The result should be the listing below restated word for word, with images left out.

++++ Dataset excerpt

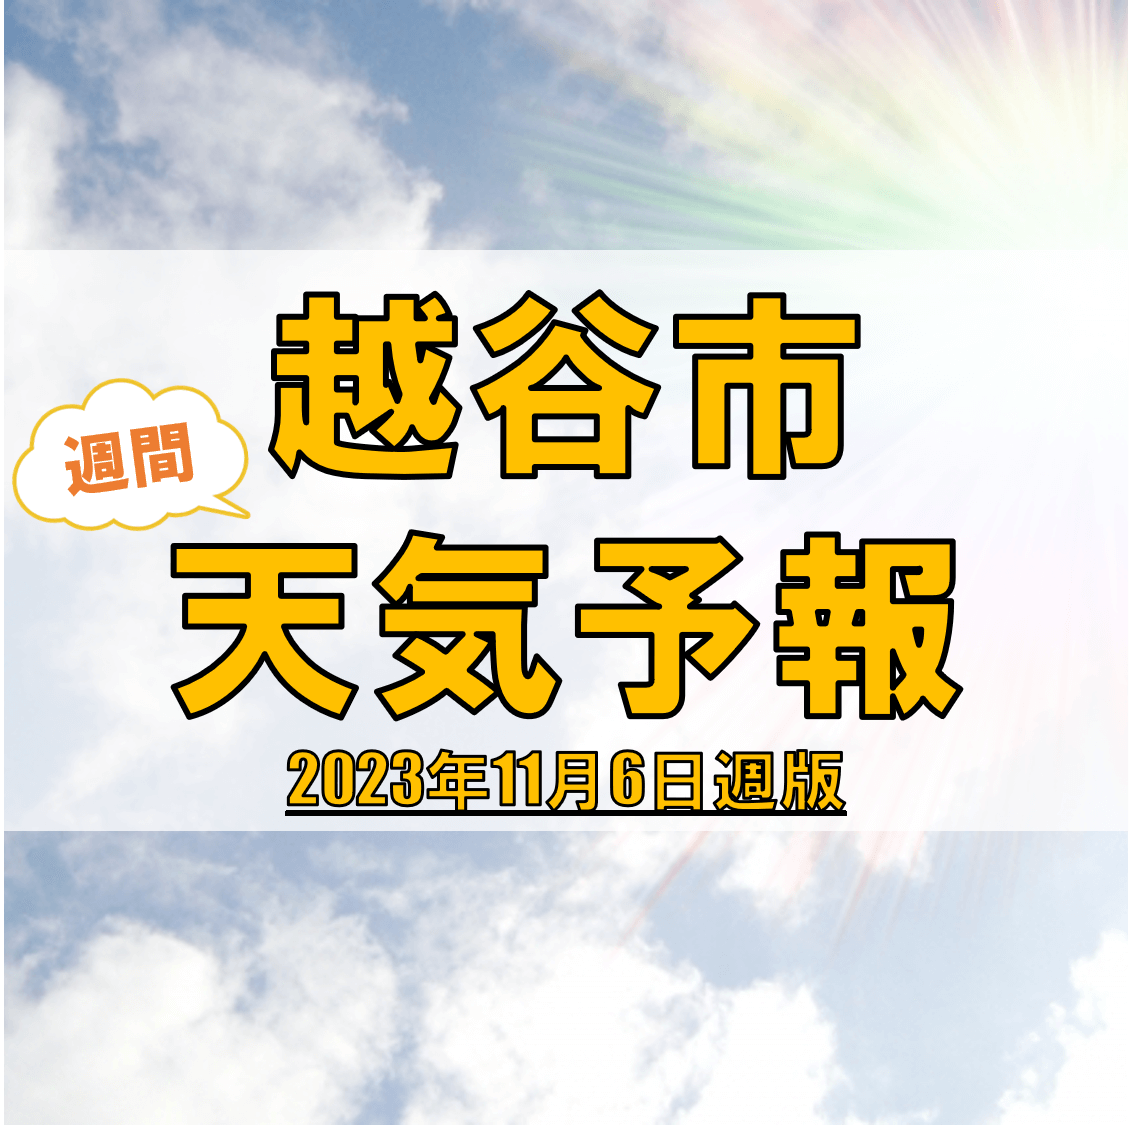 越谷市の天気 週間予報【2023年11月6日週】
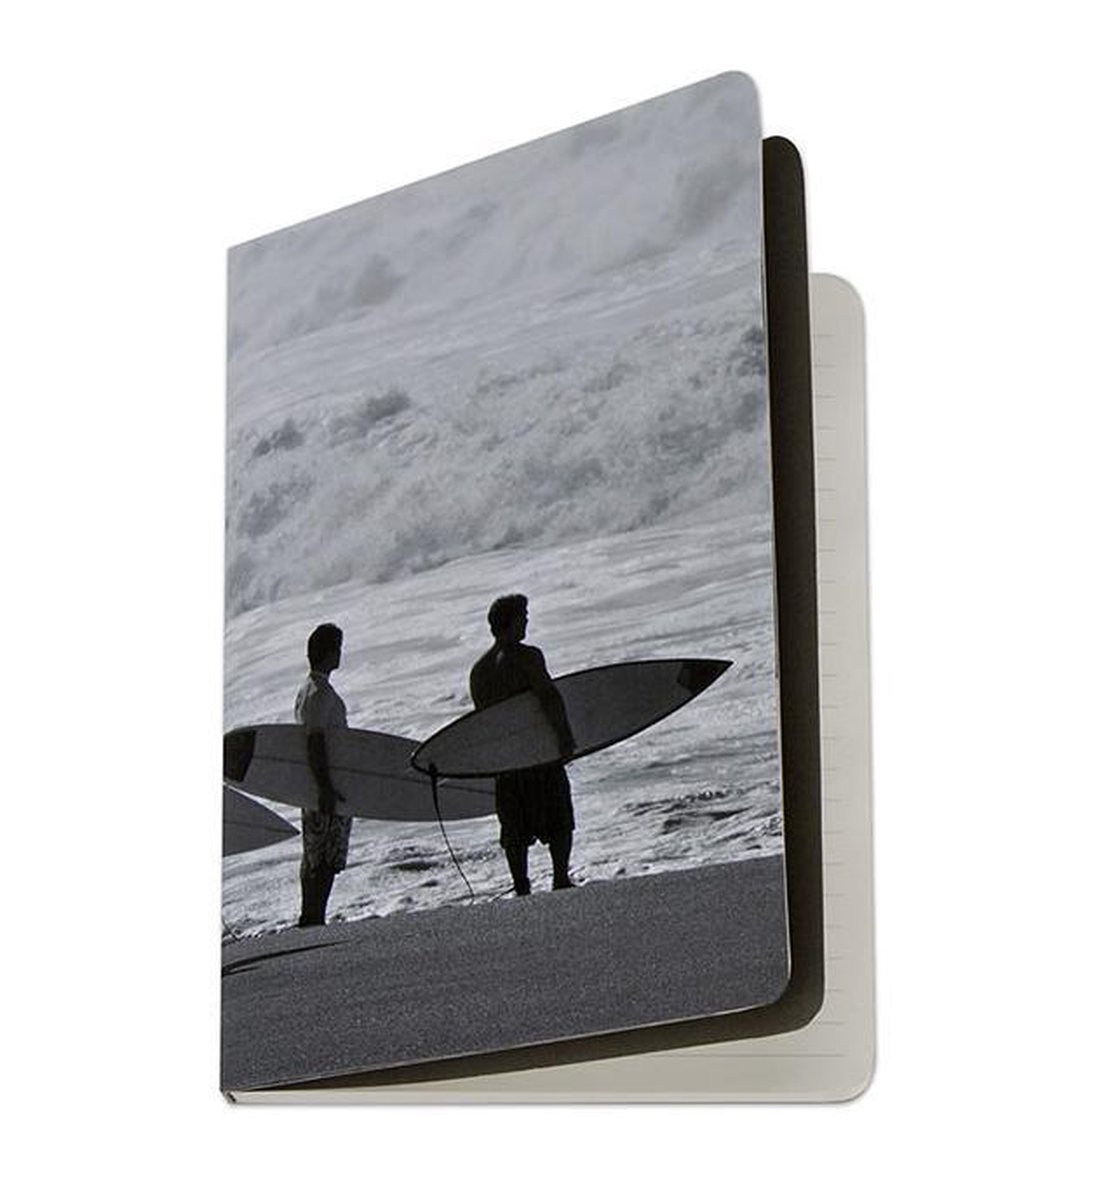 A5 gelinieerd notitieboek notitieboek met surfer - surf notebook
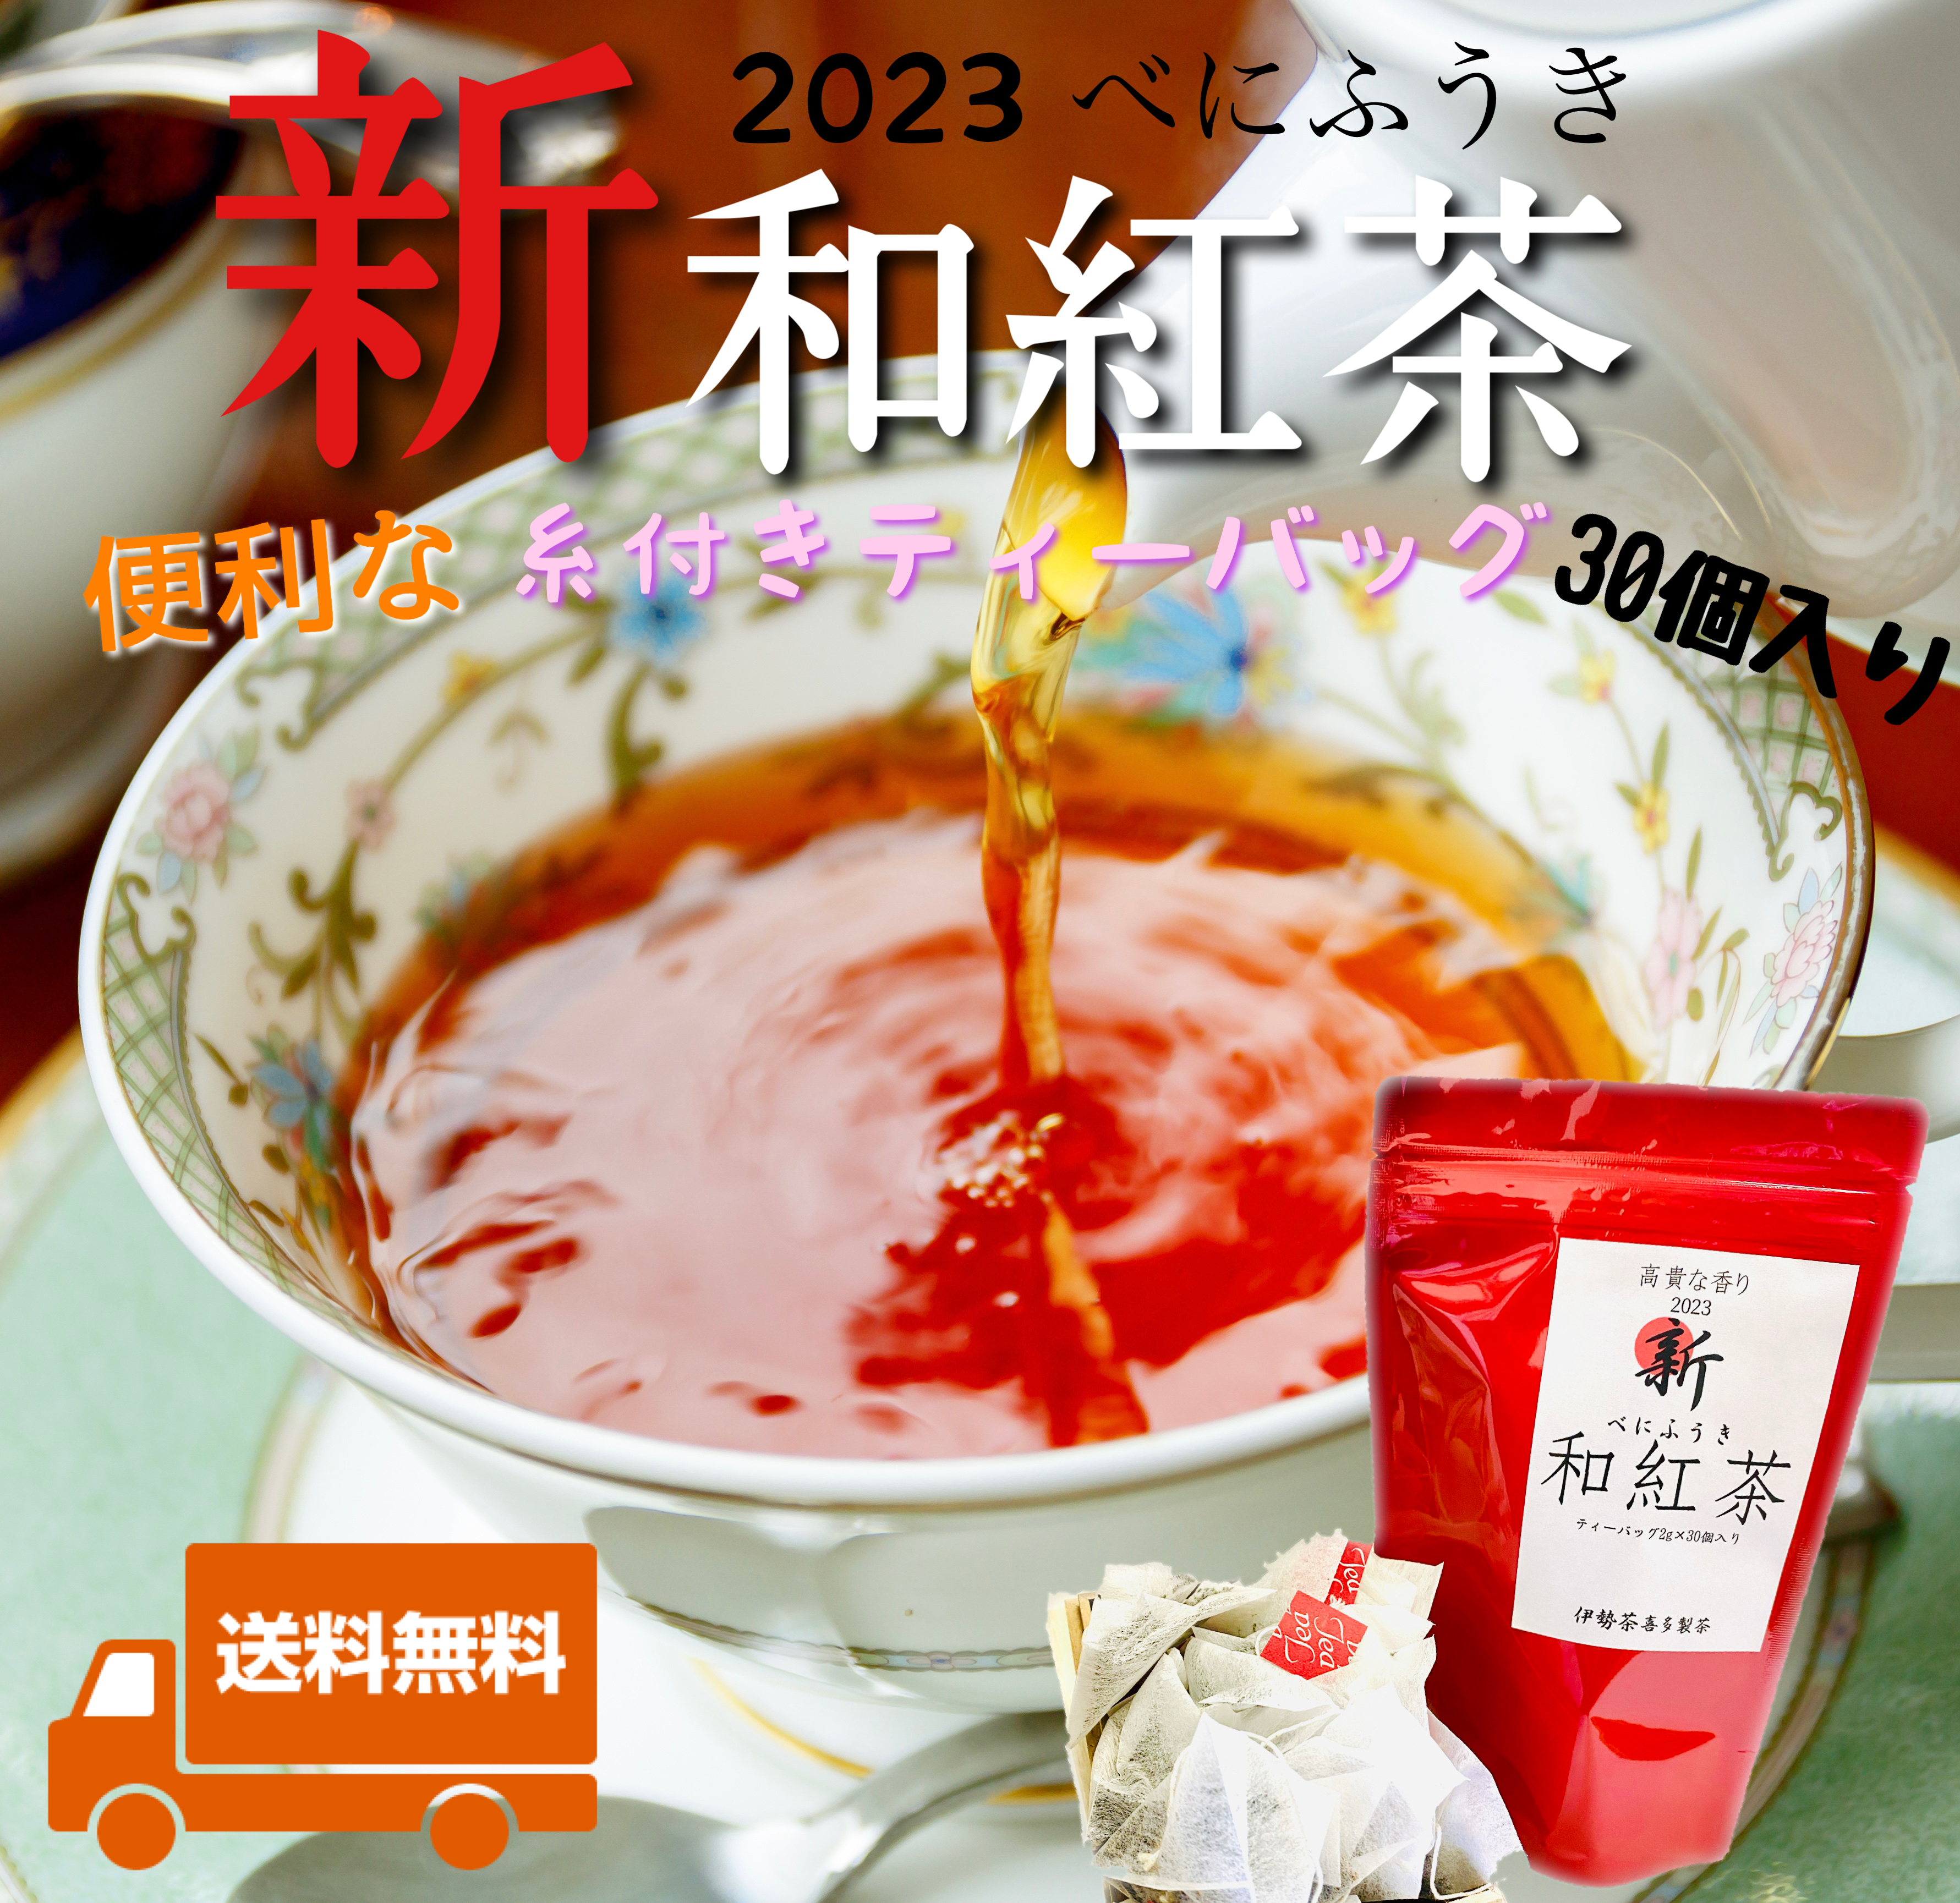 全国第3位のお茶】2023新・和紅茶 ティーバッグ2g×30個入り 送料

++++++++

_Exercise answer_:
 越谷市の天気 週間予報【2023年11月6日週】
 A5 gelinieerd notitieboek notitieboek met surfer - surf notebook
 全国第3位のお茶】2023新・和紅茶 ティーバッグ2g×30個入り 送料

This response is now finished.